In my view, which has been informed greatly over the last two years by activists of color, there is little actual difference between a person who holds oppressive ideals, and a person who simply ignores and aligns with oppressive ideals because they care about some other benefit more. In terms of impact and the policies, silent social contracts, and decisions we make as a society, there is no difference between the two other than the level of attention and reaction they garner.

I think the establishment lost because the establishment has so blatantly proven that it is, finally, finally finally, no longer a viable option for most people. The other side of that coin, is that half of us didn’t participate in the charade at all. Until 20 minutes before the polls closed, I was proudly going to be one of those people — and had I not chosen in the final hour to vote for Hillary as a means of harm reduction, I would still have been proud to divest.

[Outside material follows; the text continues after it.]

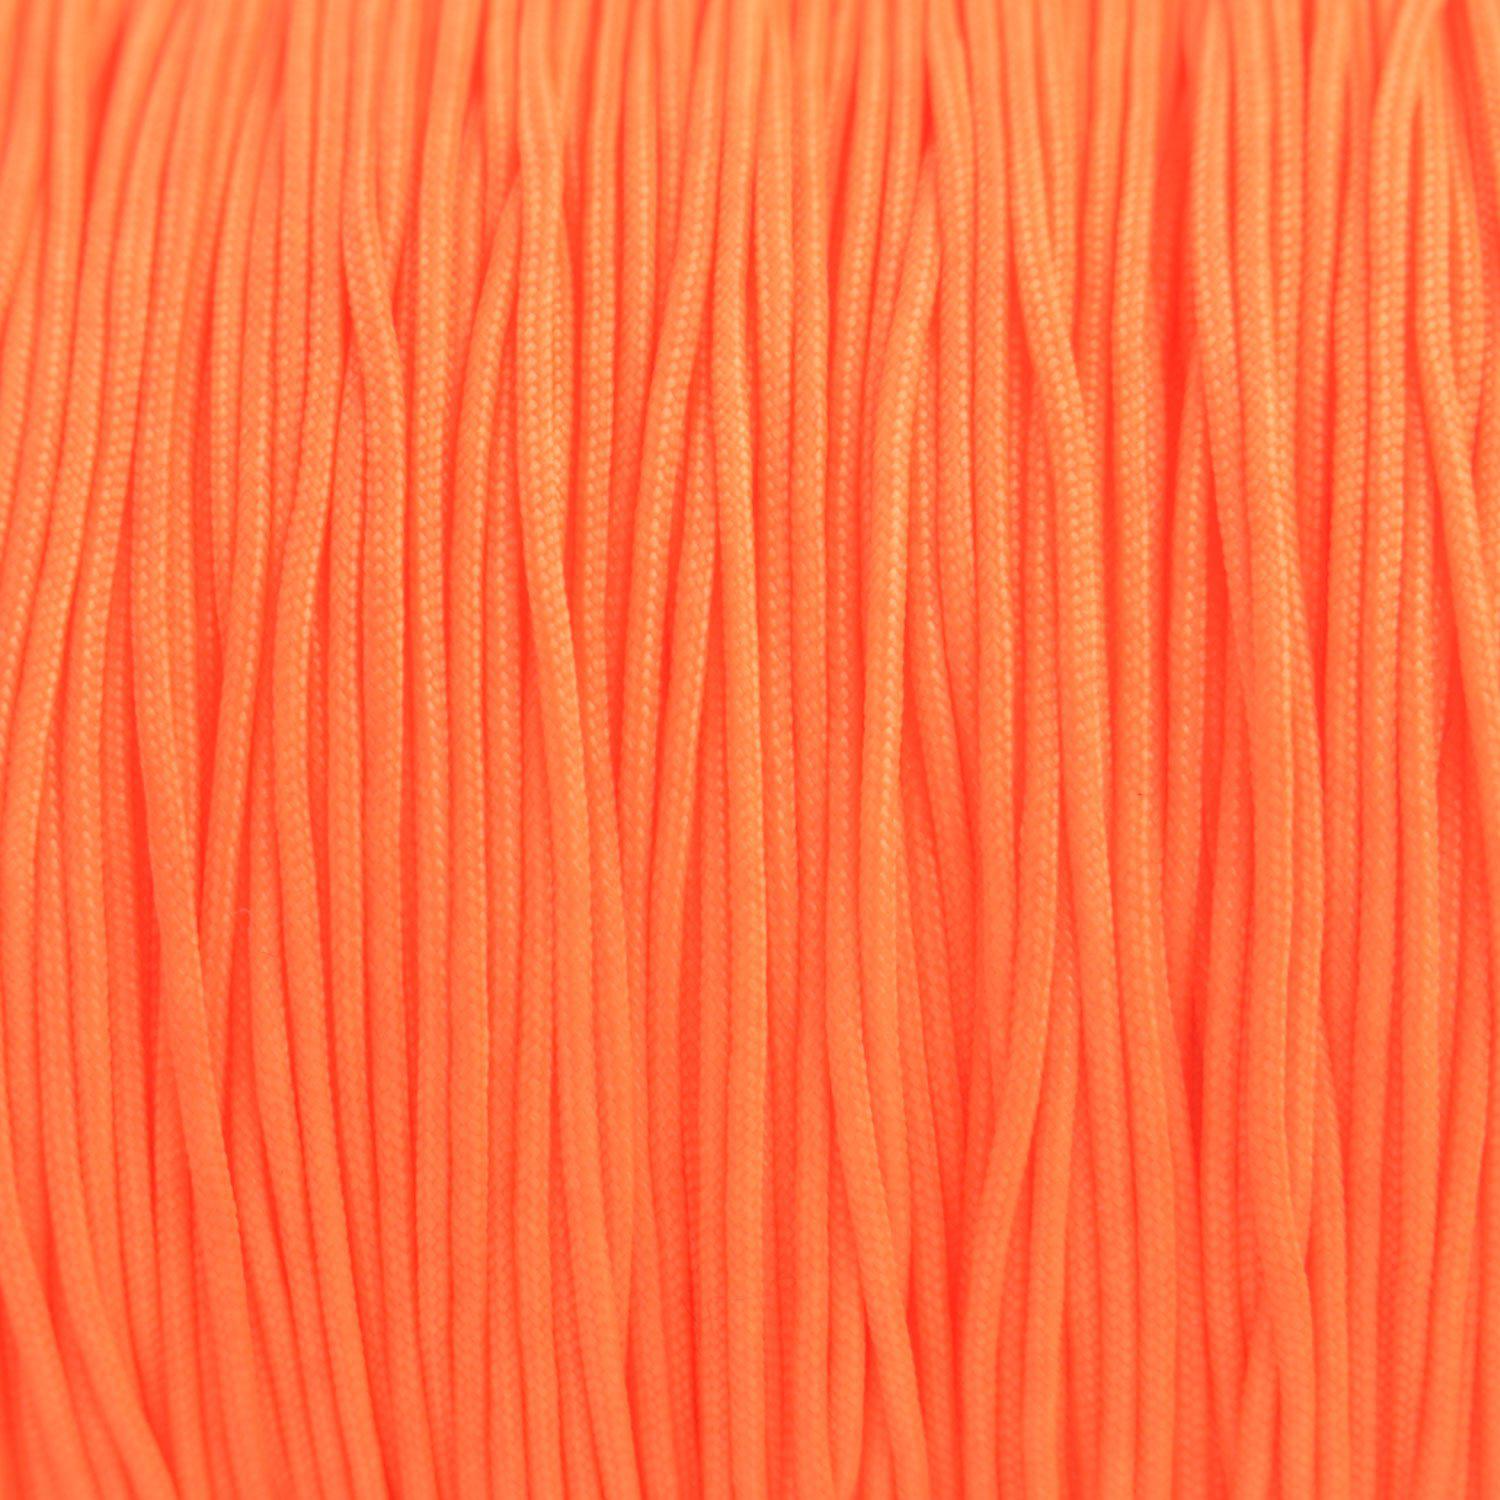 Rol nylon rattail koord fluor oranje 0.8mm - 90 meter-Kraaltjes van Renate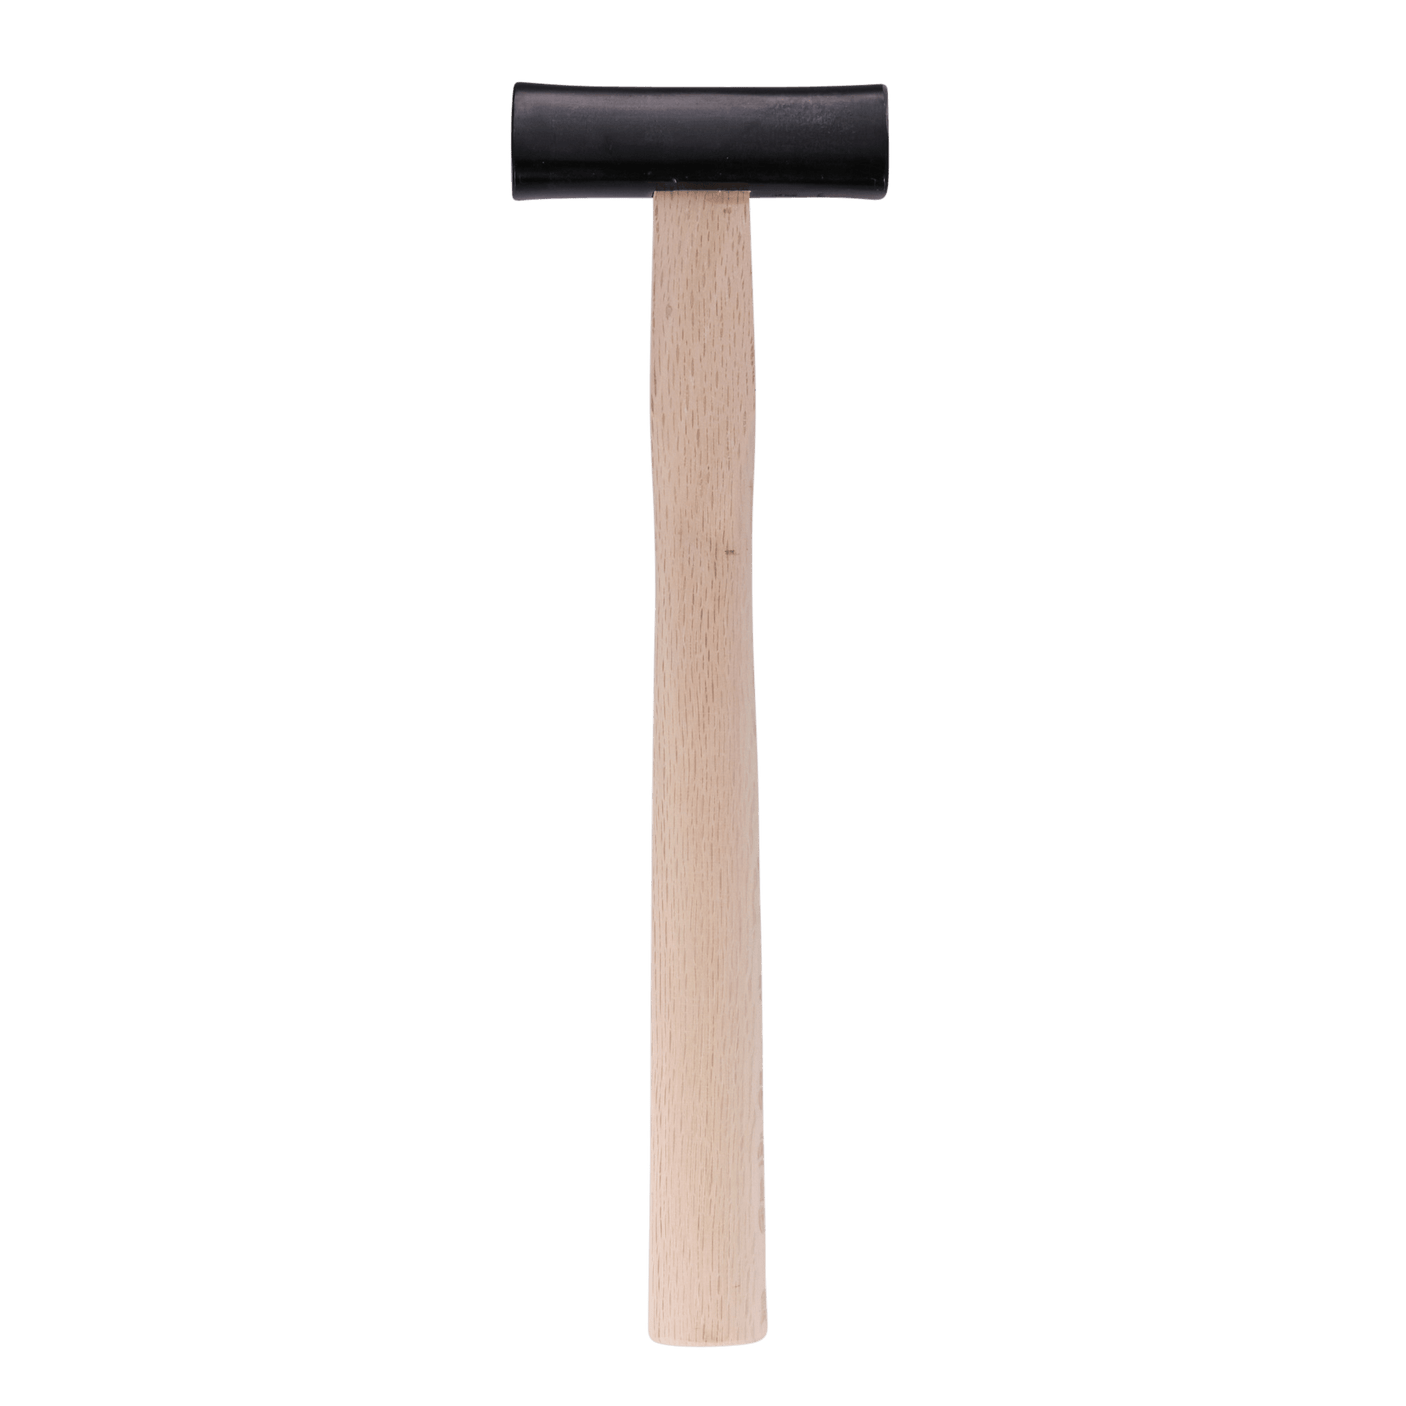 Tenryu Genno - Black Finish - 675g - Hammers - Japanese Tools Australia

While we mobilize to protect and resist against the wave of bigoted celebration from the known hatemongers in this country, who pose a very real and dire, life-and-death threat to so many people here, remember that social media is still media.

Remember that we know the people who believe in Trump are squeezed, poorly educated, hungry, and afraid. They have been burned. They want their country back, and they’ve been trained, even by a Black President — with his drone policies, continuation of the war on terror, his respectability politics and infantalizing of Black Lives Matter, his commitment to upholding a white supremacist heteropatriachy while tossing out scraps from the table, — to believe that the America they want back was taken from them by those of us with the least systemic power.

I read not long ago in my psychological geeking, that it is the false presumptions that we place effort into coming to on our own that are the hardest to peel away and replace with a more complete view. We will defend them, personalize them, blame others, distract ourselves, become confused, emotionally fall apart, when faced with information that challenges our hard-won beliefs.

If we are simply told something, and accept it as true, it is much easier for us to respond correctly to being confronted with clarifying information that invalidates that position. However, if we infer a notion, connect the dots ourselves, then our identity, intelligence, and cognitive validity come into play, and the resistance we feel to being wrong is much stronger. Especially when those beliefs center around our goodness and worth of ourselves and our alliances.

This is part of the reason why classism, sexism, racism, transphobia, are such stubborn and difficult viewpoints to break open. They are confirmed and validated subconsciously, all around us, in every moment of every day. Including in the righteous wave of indignation and shock that has spread since the election, and the scary stories of isolated hate crimes that have occurred since the veil was so unflinchingly raised when Trump won.

I am certainly not saying that there is not every reason to be paying attention, to be sharpening our skills, to be planning and organizing and ready for another escalation of a very, very long fight. And I am definitely not saying that to feel, to be numb, to recognize our collective despair, is in any way the wrong thing to do or to be. We all have our own valid experience of this mess.

What I -am- saying: Also pay attention, to what you are being told to pay attention to.